The higher your credit score the more chance you have of your mortgage application will be accepted. No one is guaranteed to be accepted though, lenders have their own internal scoring systems.
Each lender has developed their own system of scoring over the years. Don’t worry if you fail with one lender. There are other mortgage lenders who may be more forgiving.
It is your mortgage advisor’s job to match you to the right lender, hopefully the first time. As a first time buyer, both you and your mortgage advisor want the same thing which is that you end up with the best deal available to you.
There are several different credit reference agencies in the UK, including Experian and Equifax. It is a good idea to check as many of these agencies as possible to get a rounded picture of your credit score.
Also, it is possible that one of the agencies may be holding incorrect data. Checking with several agencies will help you identify any such discrepancies.
There are some good first time buyer mortgage advice listed below in regard to things you can be doing to improve your credit rating:
Multiple credit searches can have an adverse effect on your score.
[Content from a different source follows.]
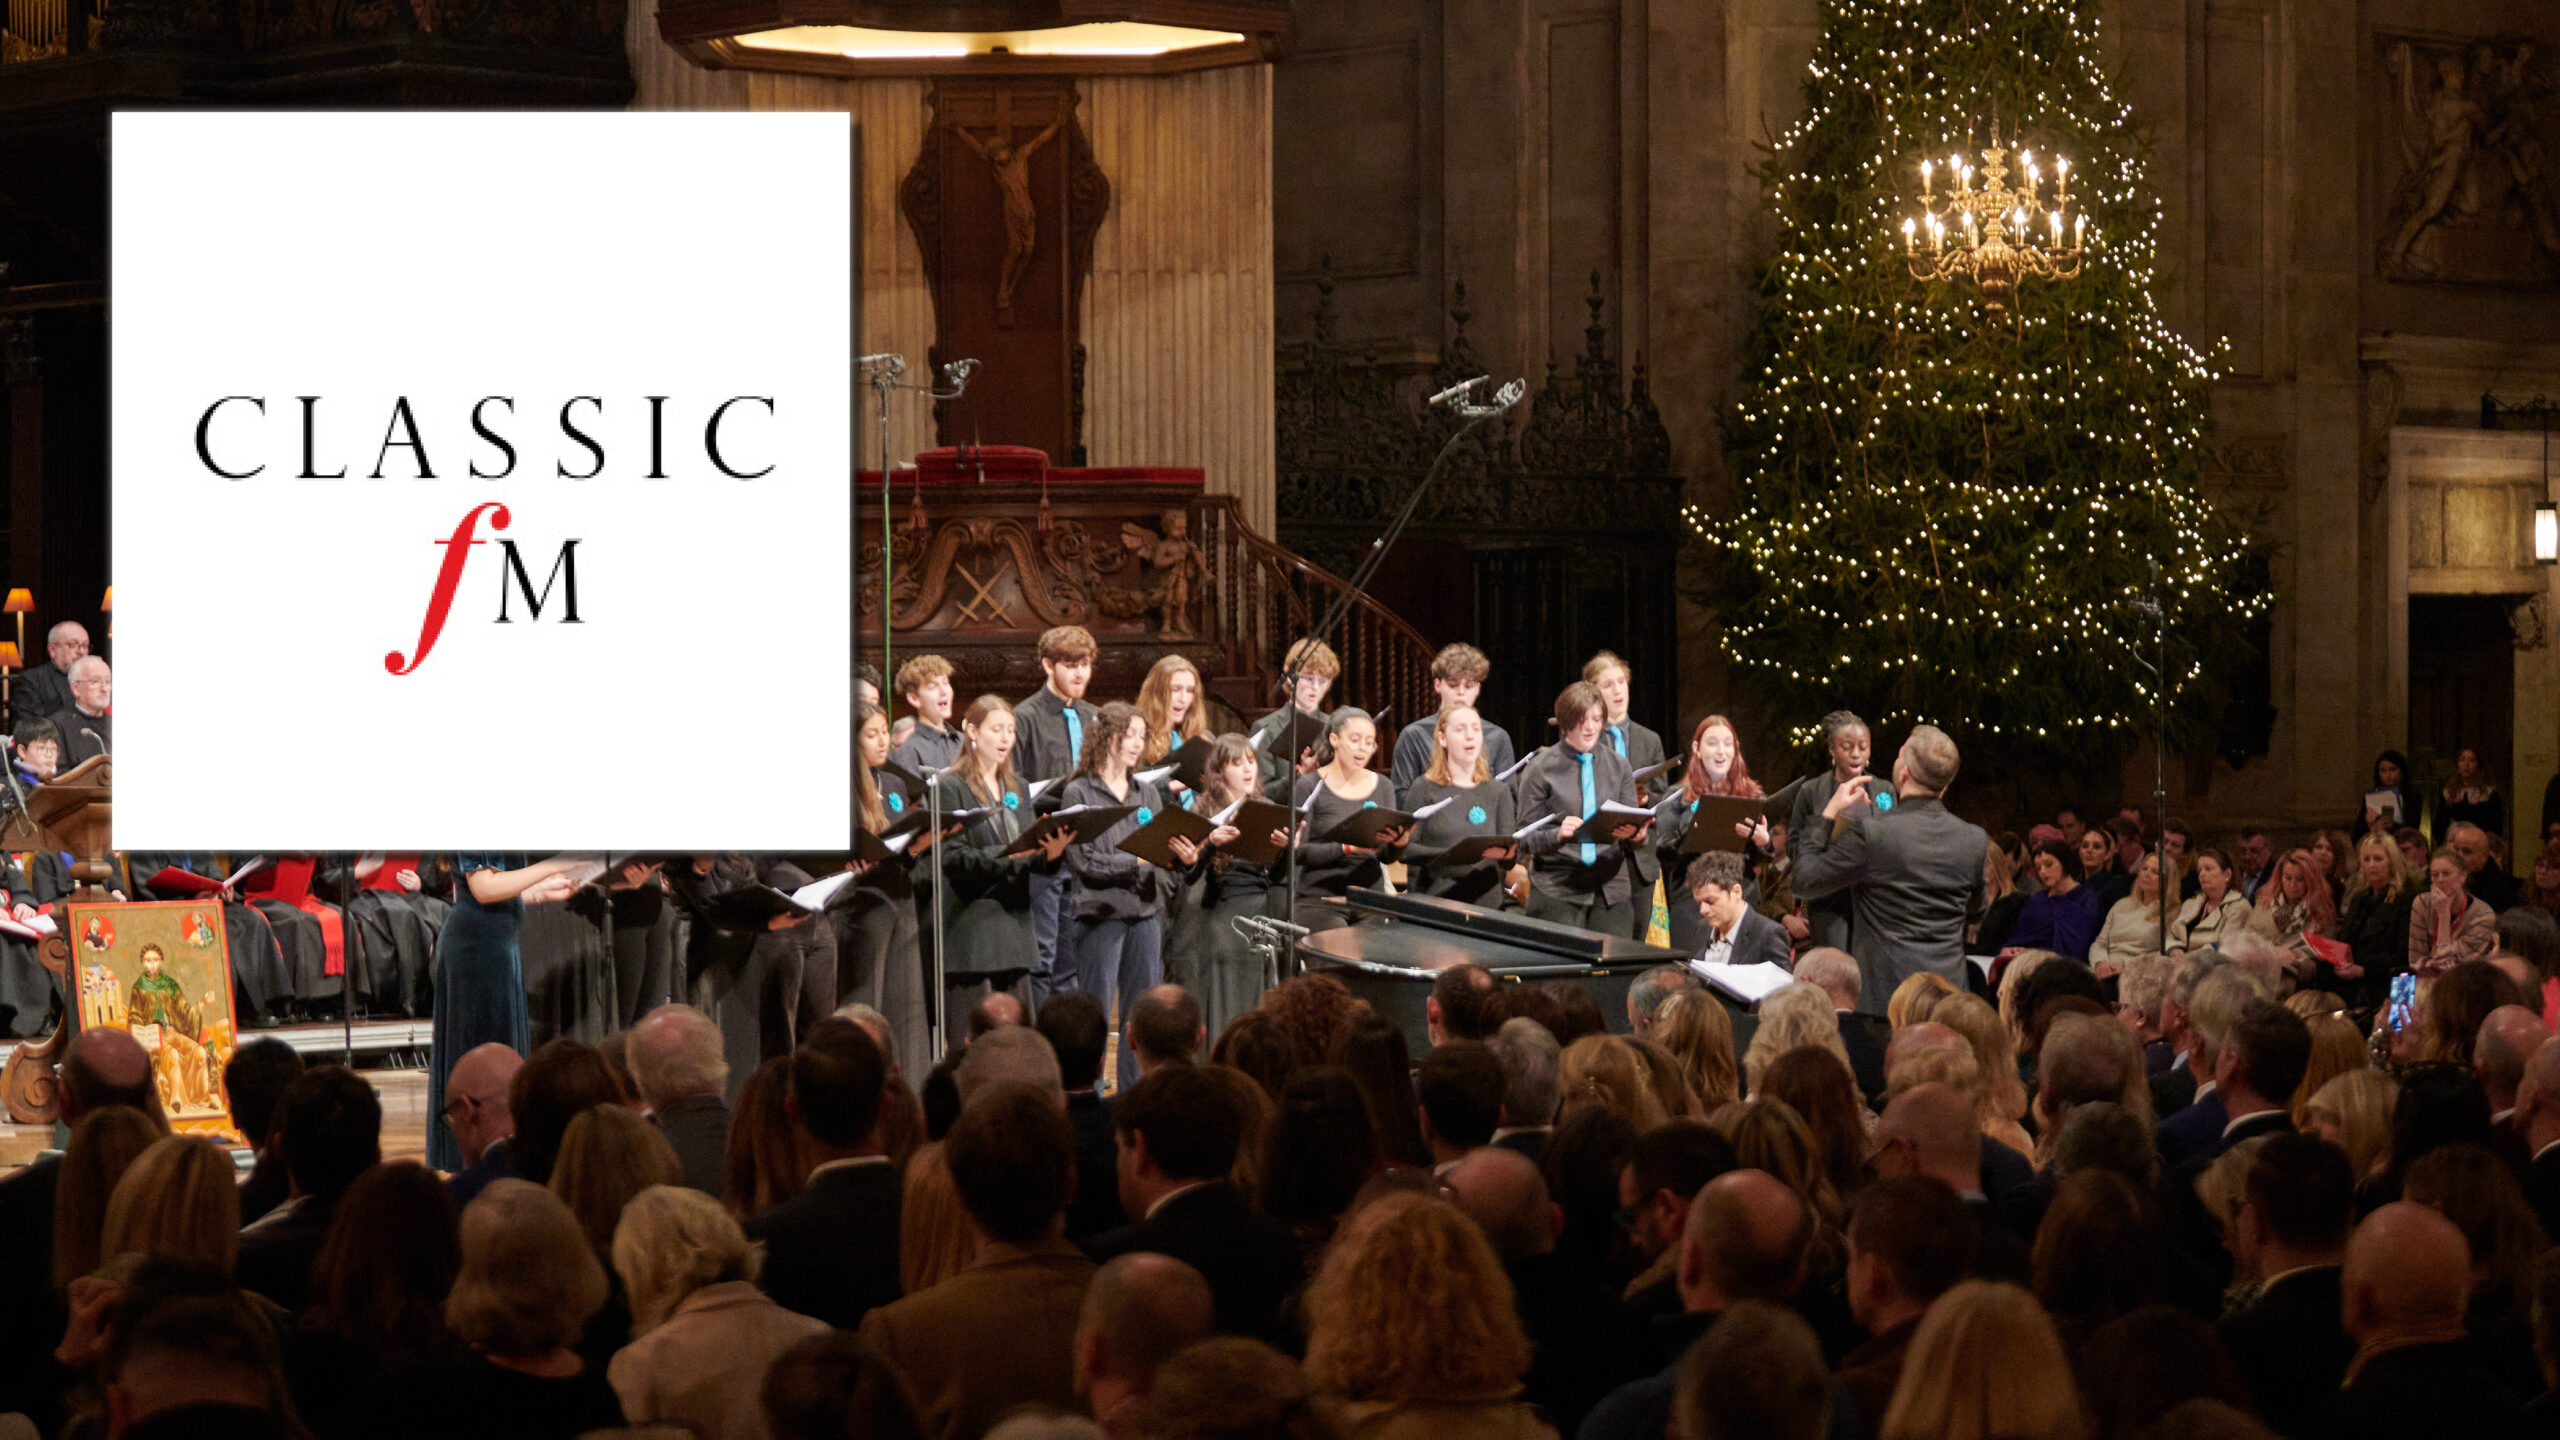 A white classic fm logo in the top left. Behind it, LYC Chamber Choir is singing, dressed in black with teal accessories, in a cathedral. There is a large Christmas tree behind the choir to the right. In the foreground, a congregation is watching.

Be careful when using price comparison websites who are major culprits of credit searching on individuals.
If you know you want to apply for a mortgage soon it is wise to avoid applying for any other credit. Whilst having some credit and paying it back is a good thing for your score in the long run, lenders do not like to see you increasing your borrowings just prior to making a mortgage application.
Being on the electoral roll adds a lot of points onto your score. It indicates stability and lenders like that.
Ensure your name is spelt correctly and that it’s your current address you are registered at, not an old one. If you are not registered it’s easy to do so online.
If you max out your card each month that will reduce your score. Using a credit card and paying off the balance in full each month is preferable.
This indicates that you are good at managing your money. Worst of all would be exceeding an agreed card limit or overdraft. lenders want to know that you take your finances seriously.
Quite often it can appear that you are living in two places at the same time on your credit report. This occurs because you may have forgotten to tell one of your credit providers that you have moved to a new house.
Check all addresses are spelt correctly. If you have lived in a flat this can be tricky as the flat/apartment number can be formatted in different ways.
You should contact the providers of store/credit cards you no longer use and get the account closed. In the short term this can have a negative effect on your score briefly as the credit reference can’t really tell if it’s you closing the account down or the provider.
Don’t worry though, it’s one step back to take two forward. This is also a good thing to do to reduce your chance of falling victim for fraud should you not notice you have lost a card you don’t use regularly.
If you have a family member or ex-partner connected to you then this could be affecting your score. You won’t be able to get the financial association removed if the account is still live though. To remove one of these links you should contact the credit reference agencies and make a request.
Many consumers feel credit scoring is an unfair way of lenders assessing applications. lenders feel differently. It is much cheaper for them to operate this way and computers give more consistent outcomes.
Send an up to date copy of your credit report to your mortgage advisor up front and you will increase your chances of being accepted first time. The more your advisor knows about your finances the better.
Also, there are still some smaller lenders out there that do not credit score. These lenders do it the old-fashioned manual way, although they will still have certain rules about the number of defaults and CCJ’s they will allow.